We have to remember a few rules of matrix algebra that aren't enforced in the procedures we've defined.
  • For dot-product, two vectors can only be multiplied if they're the same length.
  • For matrix-*-vector, the vector must be the same length as the number of columns in the matrix.
  • For matrix-*-matrix, two matrices A and B can be multiplied only if the number of columns of A matches the number of rows of B.

> (define v (list 1 3 -5))
> (define w (list 4 -2 -1))
> (dot-product v w)
3
> (define m (list (list 1 2 3) (list 4 5 6)))
> (define v (list 1 2 3))
> (matrix-*-vector m v)
(14 32)
> (define a (list (list 14 9 3) (list 2 11 15) (list 0 12 17) (list 5 2 3)))
> (define b (list (list 12 25) (list 9 10) (list 8 5)))
> (matrix-*-matrix a b)
((273 455) (243 235) (244 205) (102 160))

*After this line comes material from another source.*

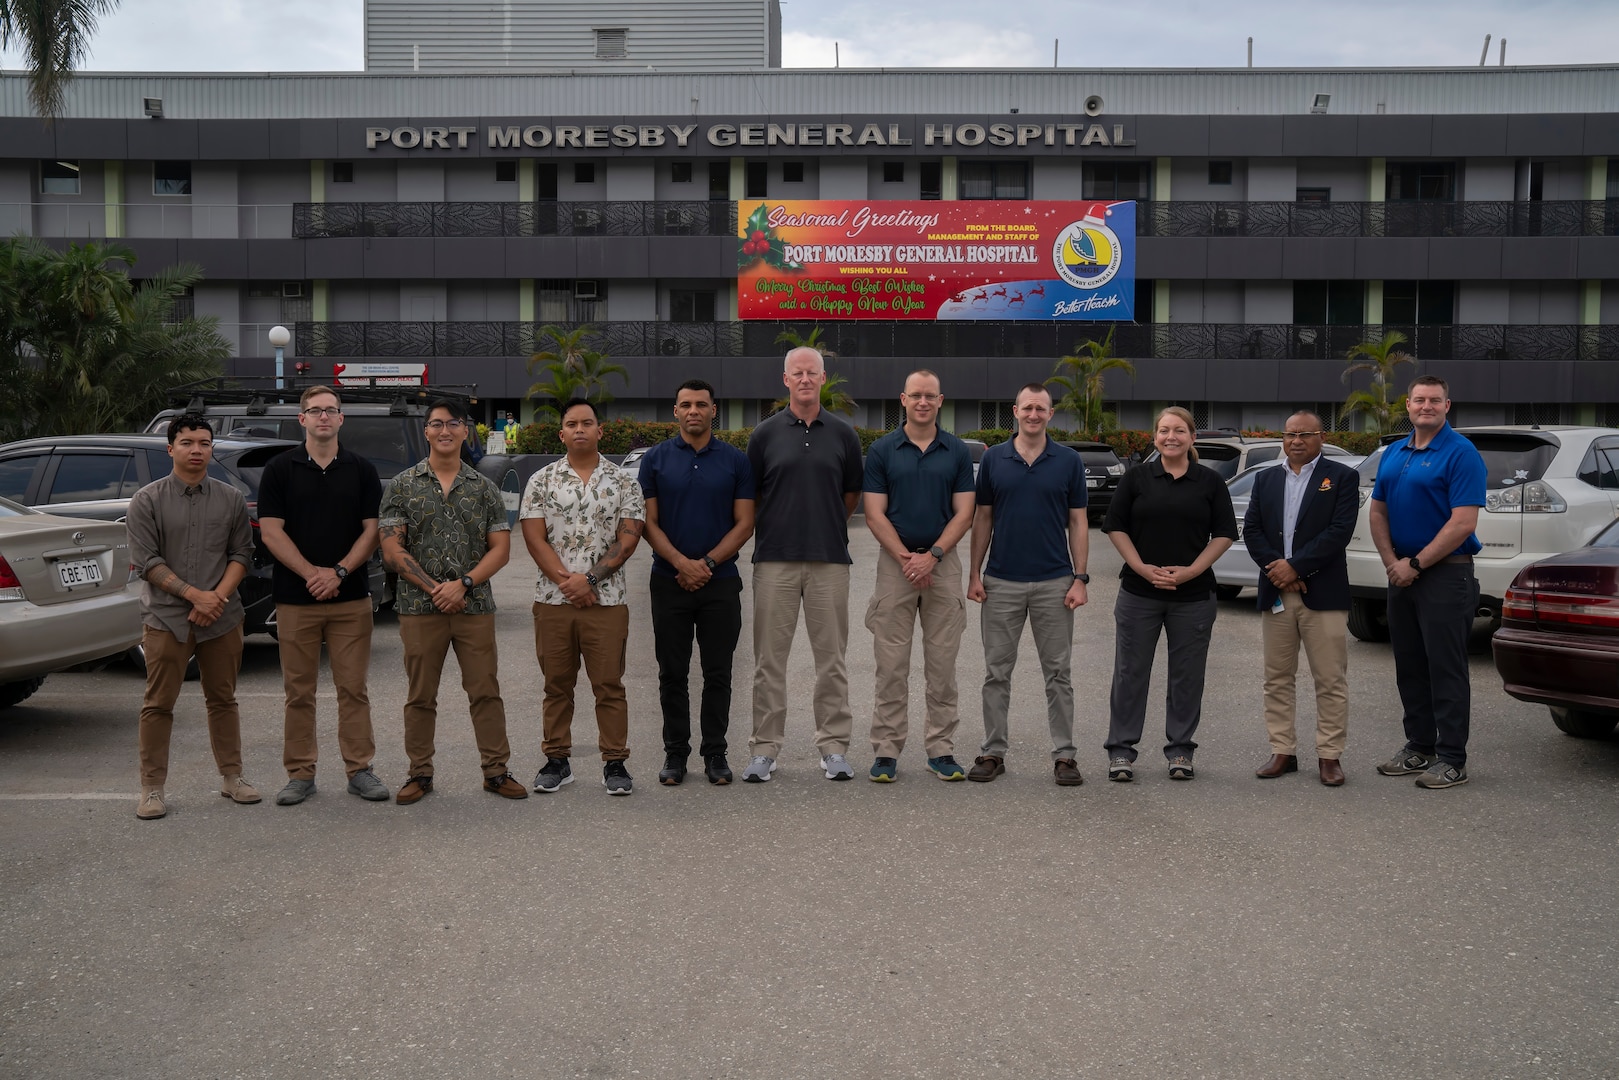 Members of the U.S. Army's 8th Forward Resuscitative and Surgical Detachment, 18th Medical Command, (2nd from the right) Port Moresby General Hospital Director of Medical Services Dr. Kone Sobi, and U.S. Army Maj. Levi Daugherty, trauma surgeon, Brooke Army Medical Center, pose for a group photo during the inaugural Papua New Guinea Trauma Rotation at Port Moresby General Hospital at Port Moresby, Papua New Guinea, Dec. 7, 2023. The Trauma Rotation follows the recent signing of the Defense Cooperation Agreement between the U.S. and Papua New Guinea; it is a first-of-its-kind engagement between the U.S. Army and Papua New Guinea, which mutually offers parties the a chance to exchange medical expertise and techniques in an austere environment. (U.S. Army photo by Sgt. 1st Class Timothy Hughes/Released)

Note that the values above are the same as those used as as examples on pages I linked to explaining each operation. The results above are correct, but you can do a Google search for "matrix multiplication calculator" to find several online calculators if you want to test with other values.


Related:

For links to all of the SICP lecture notes and exercises that I've done so far, see The SICP Challenge.

2 comments:

chege said...

using map in 2.2.3 is all sorts of beautiful. I'v been pulling hair out for hours thinking how to use car and cdr to get the corresponding n-th elements of all lists to be passed to accumulate. I think i am still thinking imperatively, since i even first did it in python with for loops, just to make sure it works.

Anonymous said...

@chege You are not alone:) I think it is the biggest problem in embracing functional paradigm for us - to get rid of imperative thinking. I have the same problem.